Your time-keeping is pretty good, but you always feel like you’re rushing, especially in the morning when getting out of the house is not just down to you. Everything feels frantic till you get to work, then you get to do it all again at the other end of the day. You always end up sitting at the back of school plays because you have to sneak in just as it’s starting, hoping no-one (bar your little darling) will notice you.
Don’t be surprised to learn that Working Mum will often have a sly glass of wine once the darlings are in bed. To wind down, of course. Not because she needs it.
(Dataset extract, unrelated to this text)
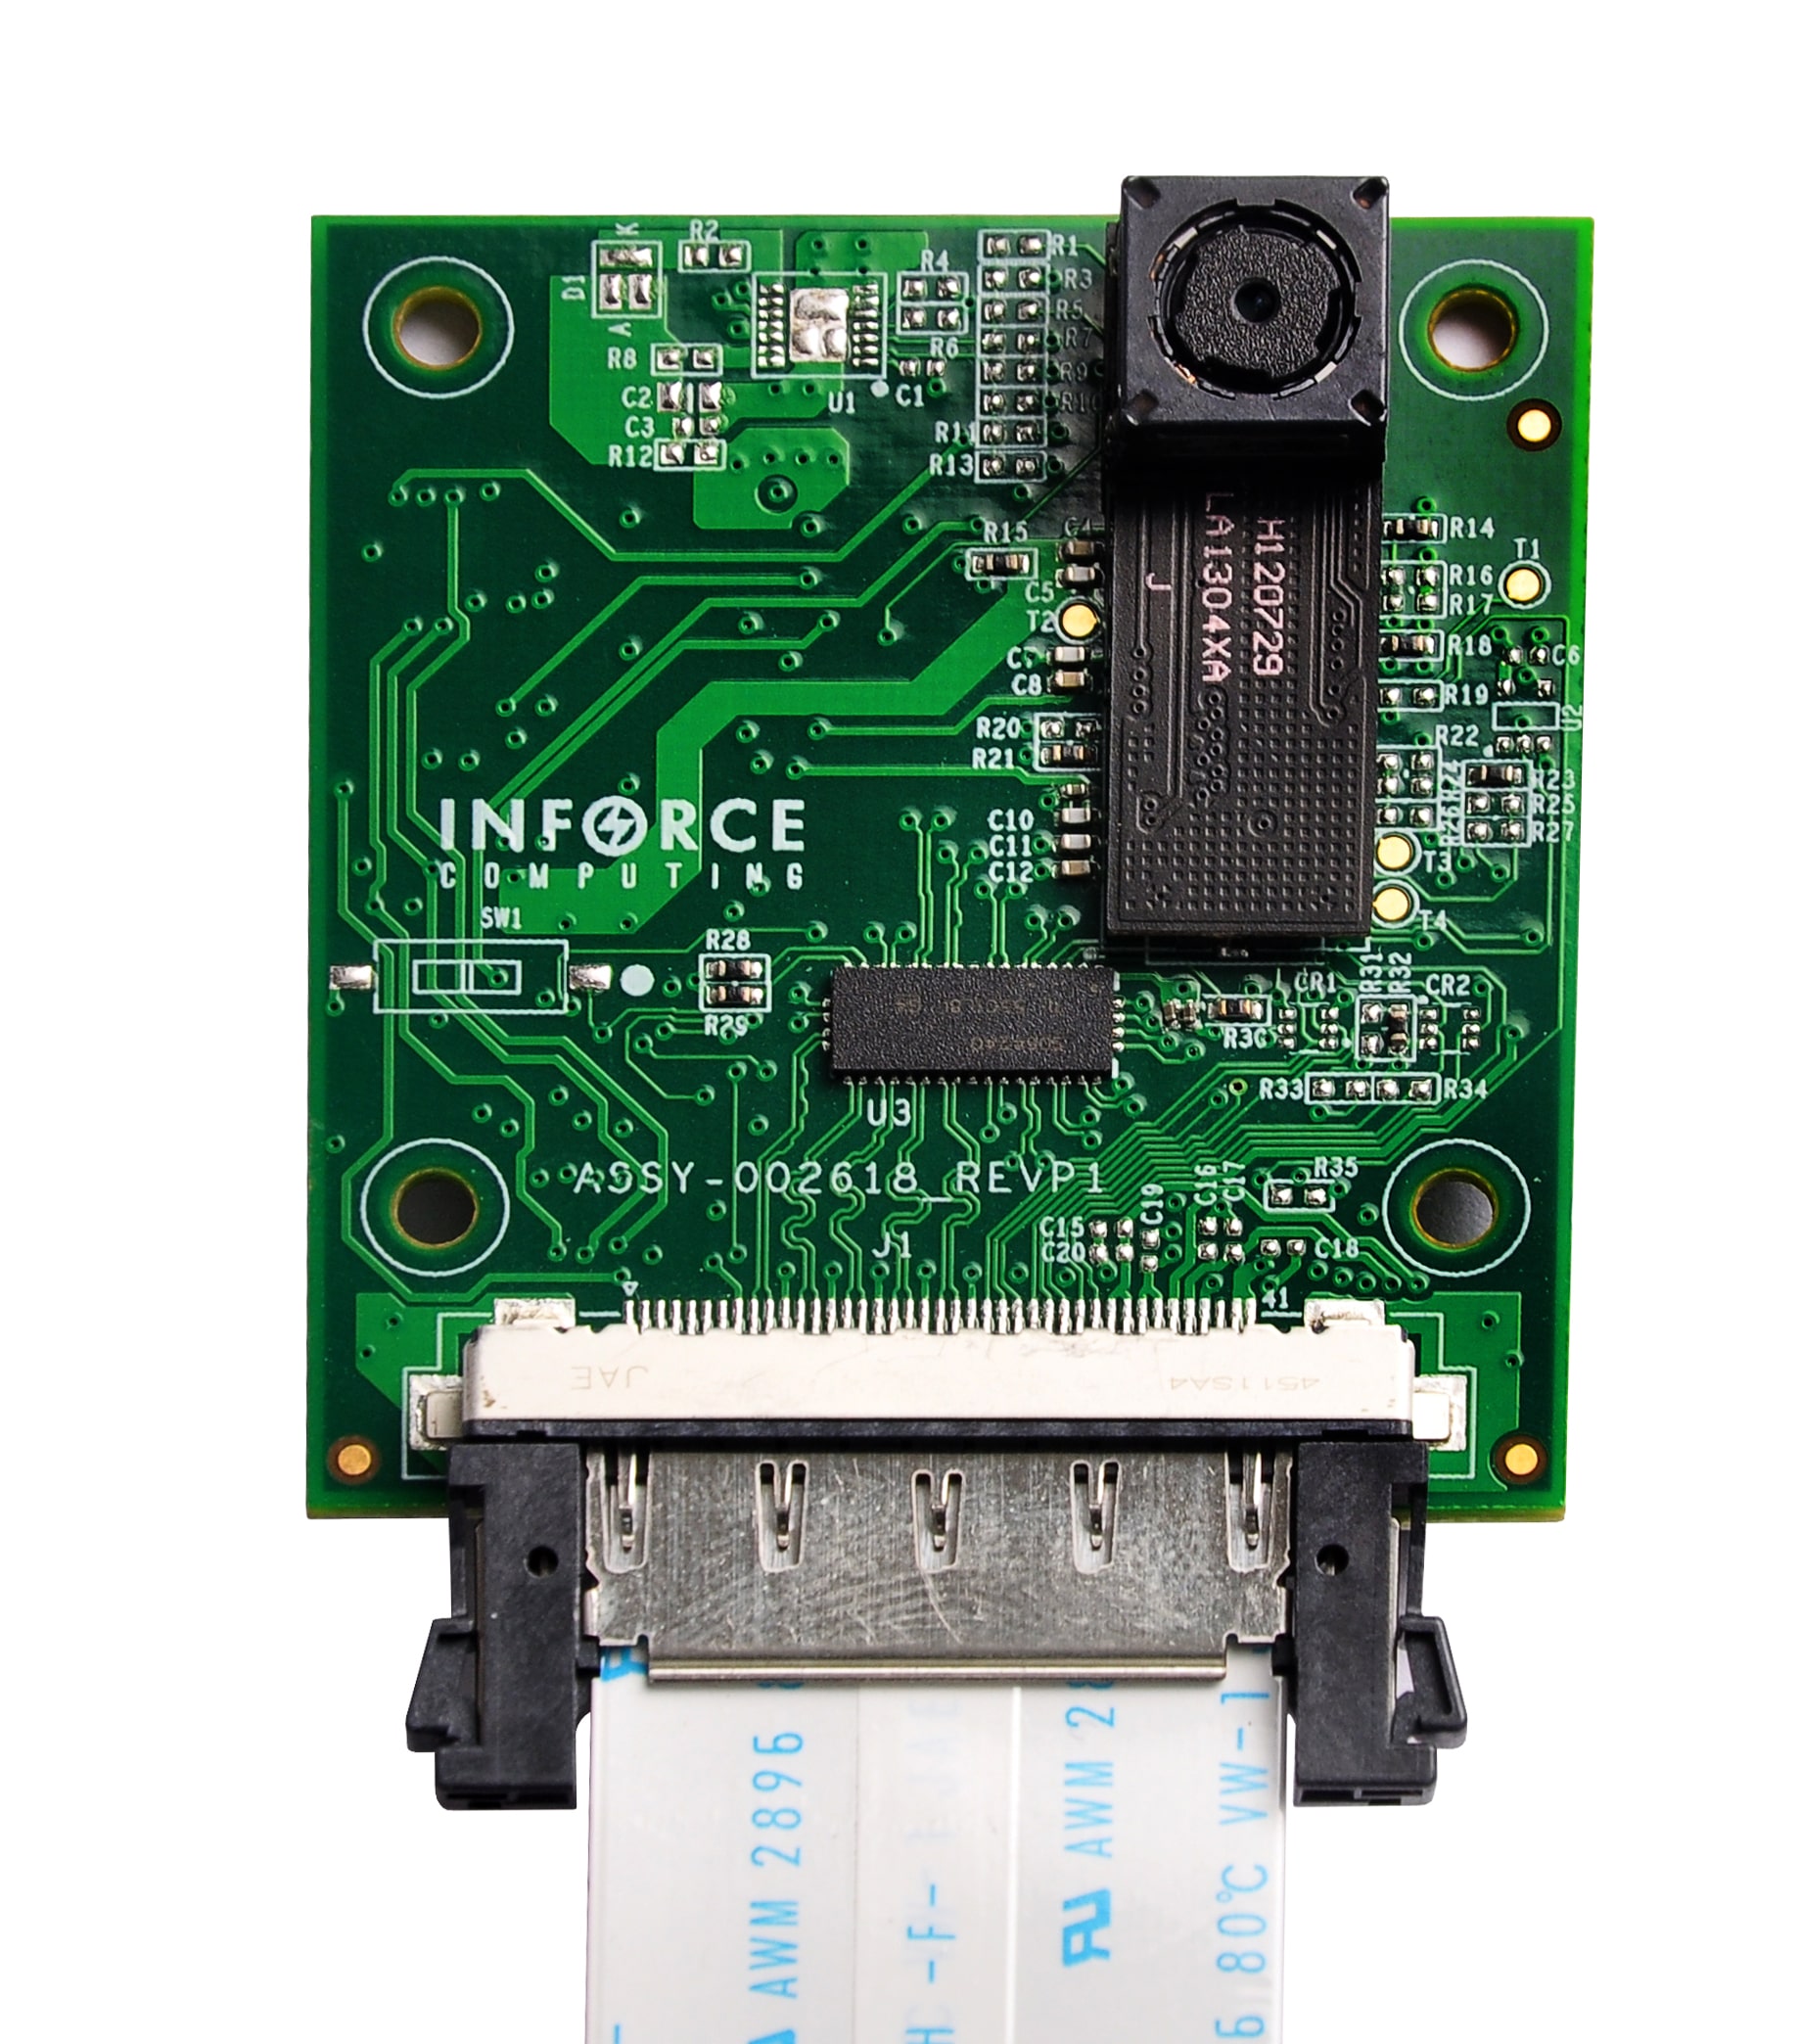 MIPI-CSI 5MP camera with both 41-pin and 51-pin connectors
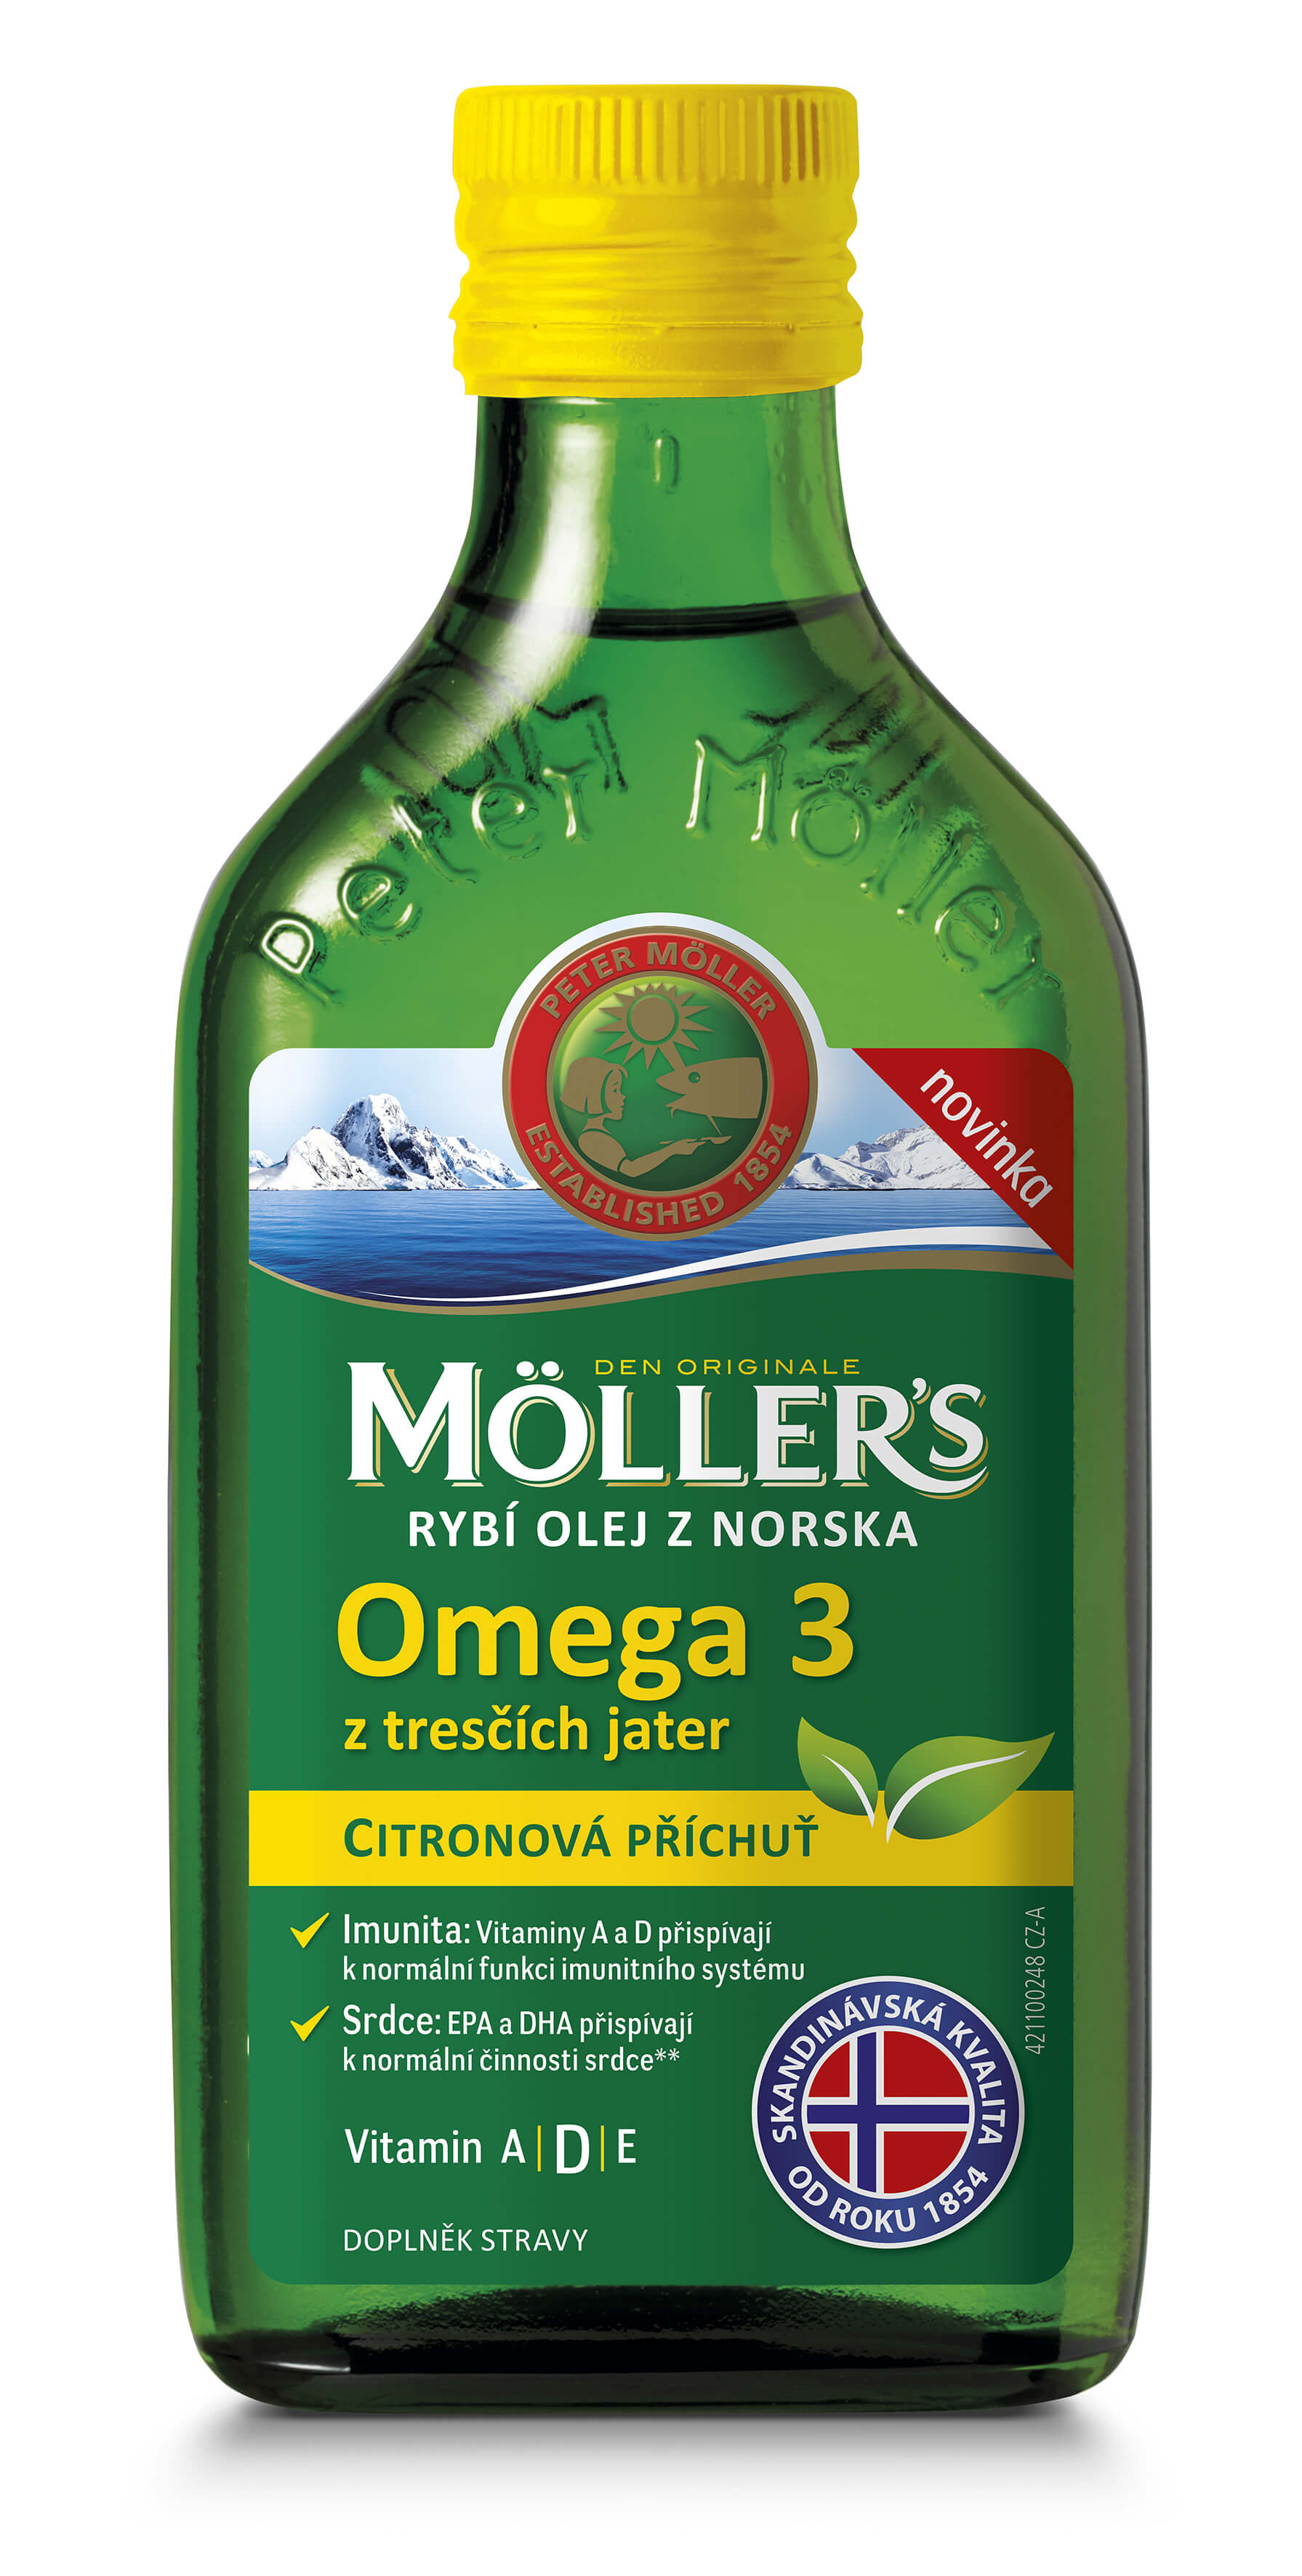 Möller´s Möller´s rybí olej Omega 3 z tresčích jater s citronovou příchutí 250 ml

Once an aspirational figure for many, the Yummy Mummy is now often despised by mums at the gate, though you’re never alone. No. There’s usually a gaggle of Yummies in the playground, all looking immaculately turned out and made up, whatever time of day it is. You’ll spot them easily enough, if you don’t hear them first, that is. They’re the ones dressed in Joules and Boden, with beautifully blown-dry locks that Scummy Mummy, whose grease-coated hair is scraped back into a lank ponytail, can only dream of. Your nail polish matches your lipstick and your (designer) handbag co-ordinates with your scarf. If you can’t see a Yummy, it’s probably you. You’ve probably been for a run already, and if you haven’t, you’ll be heading off to Pilates in a bit before meeting a friend for lunch and then shopping for organic ingredients for a home-cooked cordon-bleu masterpiece this evening.
Poor old Scummy. You’re trying to hold it together, and you’re not a bad mum, but you don’t find this school run thing easy. You’re quite easy to spot because you’re generally late, and if you do get out of the car, you probably still have your slippers on. Or a pyjama top that you’re going to try and pass off as a t-shirt. There will be tears later, but most likely your child’s, because you’ve forgotten to pack their swimming kit again. Just get that coffee down you, girl, and get on with it. Get some sleep, then up and at ‘em! Competitive Mum will look down at you because your kid’s taken in a shop-bought cake for the fundraiser rather than an elaborate home-made offering. Hey, at least you remembered this time! Just ignore her.
Your child is destined to be the next Big Thing; singing sensation, football fiend or already fluent in French before term even starts. Of course s/he is. We all know that because you’ve been telling everyone at every opportunity since the settling in sessions when they started school, whether they wanted to hear or not. Chances are, you’re on the PTA, and you love to talk about SATs. You’re obsessed! It’s not your fault, Competitive Mum, it’s just the way you are, and you want the best for your child. That’s not always the same as them being the best at everything, so lighten up and let them be kids.
And remember – the school mascot’s diary is for your child to write in, not for you to show off to all the other parents about how wonderful and fulfilling your family’s life is.